Cuthbart and Francesca had joined Peter in fighting back the giants a few years ago and helped make a wonderful victory. They had both been knighted. And then eighteen months ago, in the middle of peacetime and the pleasure of the Narnian seasons, they had all been on the trail of the White Stag.

It was the heroism and brotherly alliance in the midst of grisly drama that had been their life blood. And a far cry from their stultified upbringing in Galma. But somehow, after the disappearance, it had all seemed to unravel.

The rest was history. Riderless horses. Empty saddles. Footprints disappearing into a thicket. Only the bow and quiver of arrows of Queen Susan still hooked onto the pommel of her brood mare. She had taken the horn with her and it was not to be found.

The next morning, the Splendor Hyaline pulled into Galma Port just after sunrise and Cuthbart and Broder were both rather relieved to see that their father was not there to greet them.

The rather grim crew of satyrs and sailors of Terebinthian and Galman origin who had become Narnian subjects, saw them unceremoniously down the gangplank and the two were left to their own devices. To trudge up the long hill to the keep, to face the music, or to find somewhere around the Port to freshen up, get some breakfast and delay the inevitable? This was the main question at hand.

But the choice was taken out of their hands. Just as they were about to round the corner into the high street up to the high keep, a short figure in a hood detached itself from a shadowed doorway on the corner and came towards them. There was something familiar about the gait.

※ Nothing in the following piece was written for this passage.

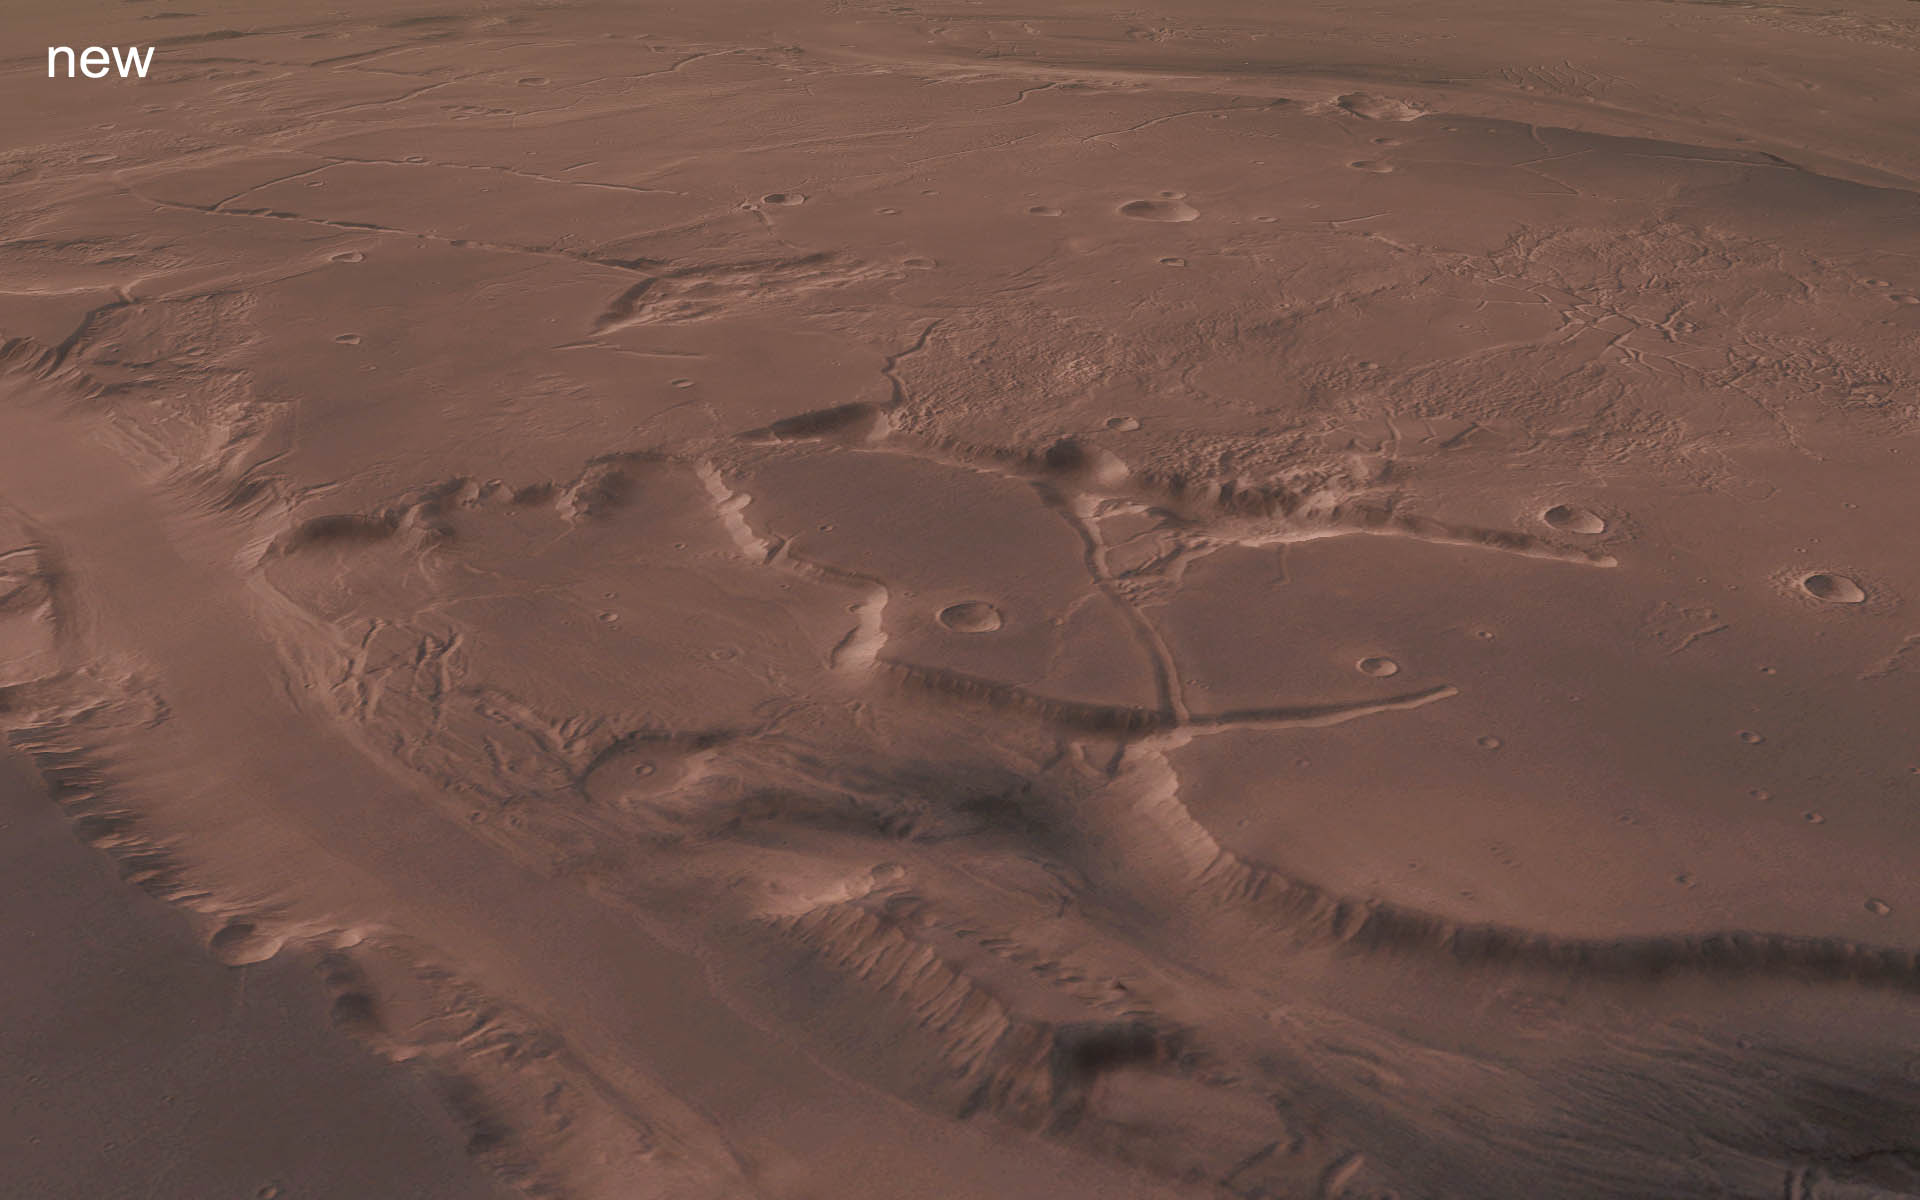 Mars texture updates: new

'Follow me' it said, scuttling ahead of them by about ten feet. Several warehouses up the high street, the figure ducked up an alley and then under a portico. It reached up, opened a door and beckoned them inside.

Broder and Cuthbart glanced at each other and shrugged. They were easily able to defend themselves if it came to it. So in they went. The door was closed, an door opened and they were ushered into a room with light flooding in through a small window. And there, closing the door behind them, was their own sister Martha, just fifteen years old, pushing the hood back from her face.

She looked up at them critically and wrinkled her nose at their body odours, before clambering up onto a table and gesturing them to sit on chairs so their faces would be on a level, her short legs and arms completely out of proportion to her torso. They had not seen her since she was twelve.

'You two really have made such a mess of things', she intoned.